A more explicitly far-right party, Restore Britain — formed by the lawmaker Rupert Lowe, a breakaway from Reform, and endorsed by Mr. Musk — responded to Mr. Nowak’s murder in a long post on X that said, “Enough is enough,” and that keeping alive the “savage” who killed him served nobody.
As Britain’s traditional two-party democracy disintegrates, and voters splinter in five or six directions (Reform may lead the polls, but gets only around 25 percent support), the boundaries that once distinguished the center-right from the far right have collapsed. As the writer Daniel Trilling describes in his book, “If We Tolerate This,” flagrantly racist ideas and claims that would have been utterly beyond the pale just over a decade ago now circulate among conservative newspapers and politicians as they struggle to keep up with the rage bait of far-right influencers. Last year, for example, an up-and-coming Conservative lawmaker named Katie Lam told The Times of London that legal residents needed to “go home,” leaving Britain more “culturally coherent.”

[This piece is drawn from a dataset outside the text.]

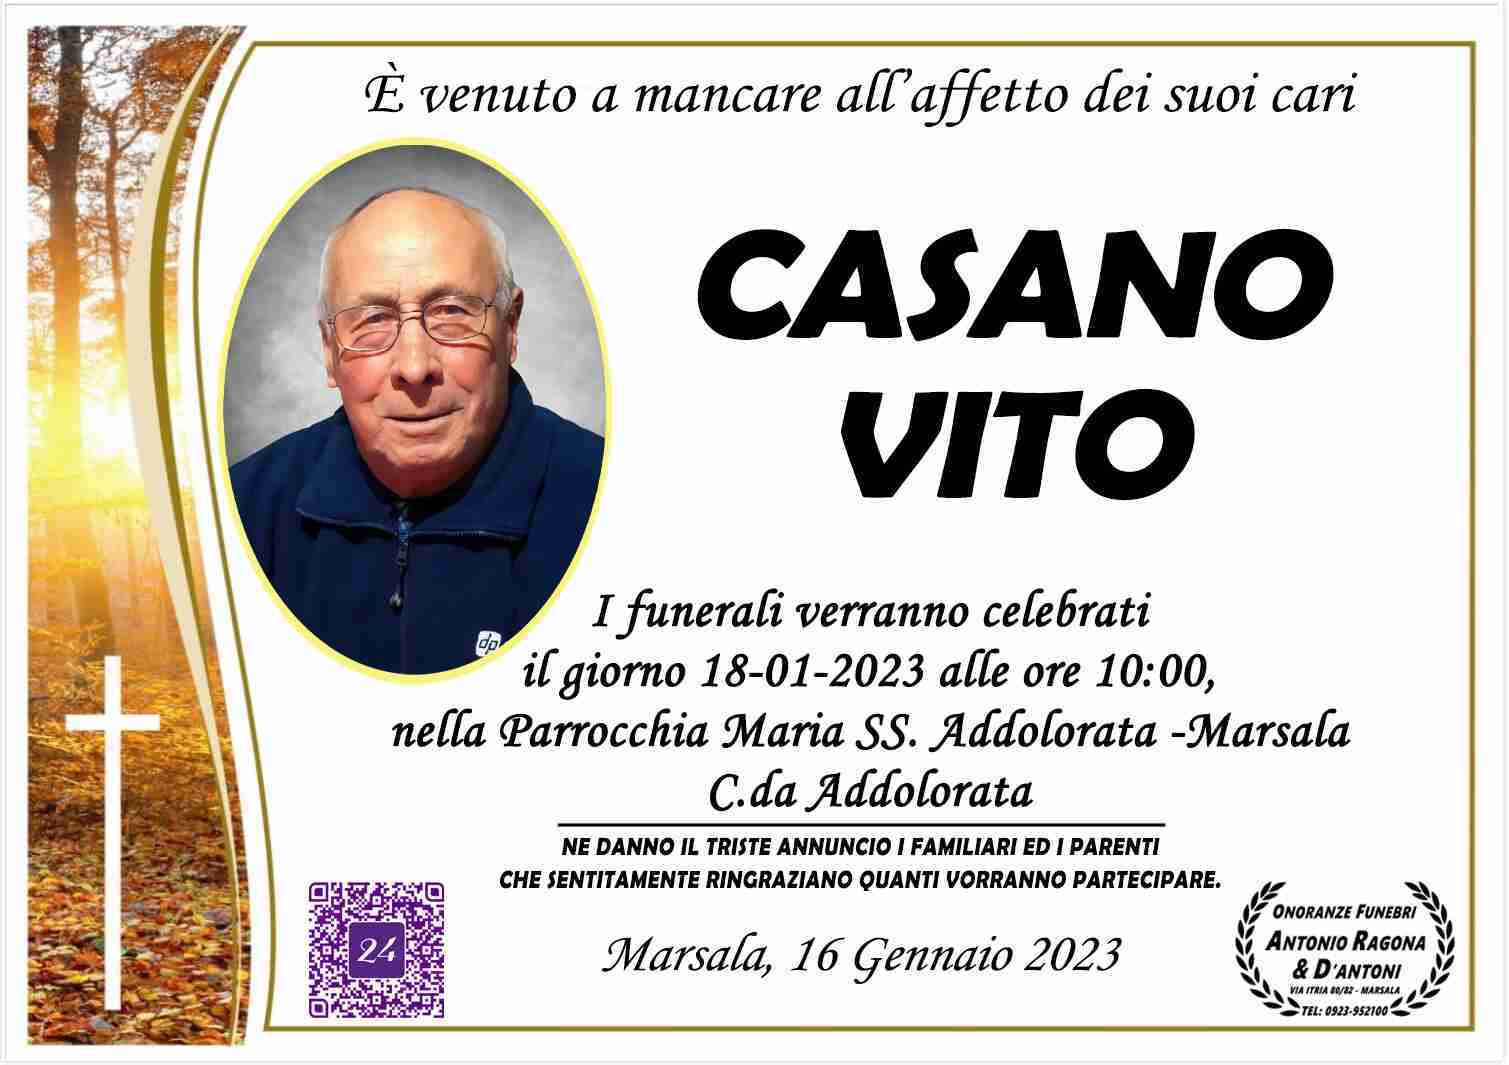 Vito Casano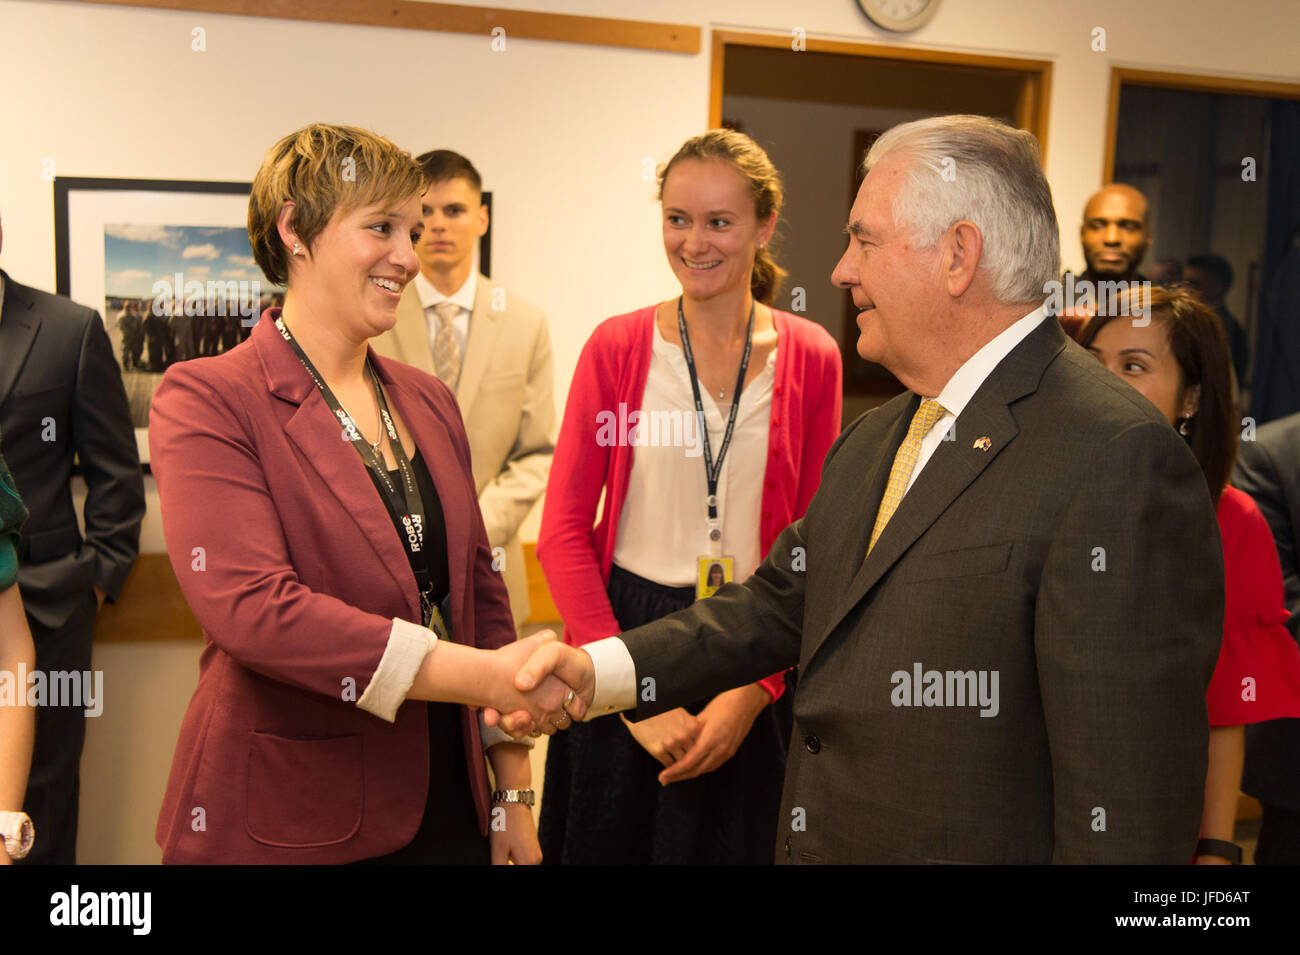 La secrétaire d'État des États-Unis, Rex Tillerson rencontre des collègues de l'ambassade des Etats-Unis dans la région de Wellington, Nouvelle-Zélande, le 6 juin 2017. Banque D'Images

There is a troubling sense in Britain that only the right seems to possess the momentum and theatricality that succeeds in this new quick-fire videographic era of politics. Be it in Westminster or on the street, the right — including the far right — takes the initiative and sets the agenda, leaving those in the liberal mainstream to denounce sporadic outbursts of violence without confronting the wider political and ideological climate that encourages and condones it. Few seem willing to, for example, defend the progress made in the effort to make the police force less racist over the last 30 years — an effort the right holds responsible for Mr. Nowak’s death.
Prime Minister Keir Starmer’s ineptitude for leadership is a well-rehearsed problem. His most likely successor, the mayor of Greater Manchester, Andy Burnham, is hoping to win a Parliament seat this week and mount a challenge to Mr. Starmer’s leadership. But if Mr. Burnham becomes prime minister, he will face the same problem: how to overcome the sense of inertia that has swept liberal institutions.
Britain is no stranger to far-right mobilizations or organized street violence. Belfast has its own distinctive history. The National Front was a visible presence in the 1970s. Football hooliganism was a notorious scourge in the 1980s and ’90s. The recent Unite the Kingdom rallies — organized by the agitator Tommy Robinson, real name Stephen Yaxley-Lennon — resembled the drunken, aggressive, flag-waving England football fandom of, say, the Euro 2000 tournament in Belgium and the Netherlands.
What’s different now is the sense of the centrality of this hostility to immigrants to British politics, even though it’s not clear at all that far-right policies have the support of anything like a majority of Britons.
The ascent of the far right in Britain has been acquiring a feeling of inevitability, as if it can be delayed or slowed but never really reversed. Its opponents urgently need their own figureheads and movements if they are to demonstrate that they can do more than throw up their hands in horror.
William Davies is the author, most recently, of “This is Not Normal: The Collapse of Liberal Britain.”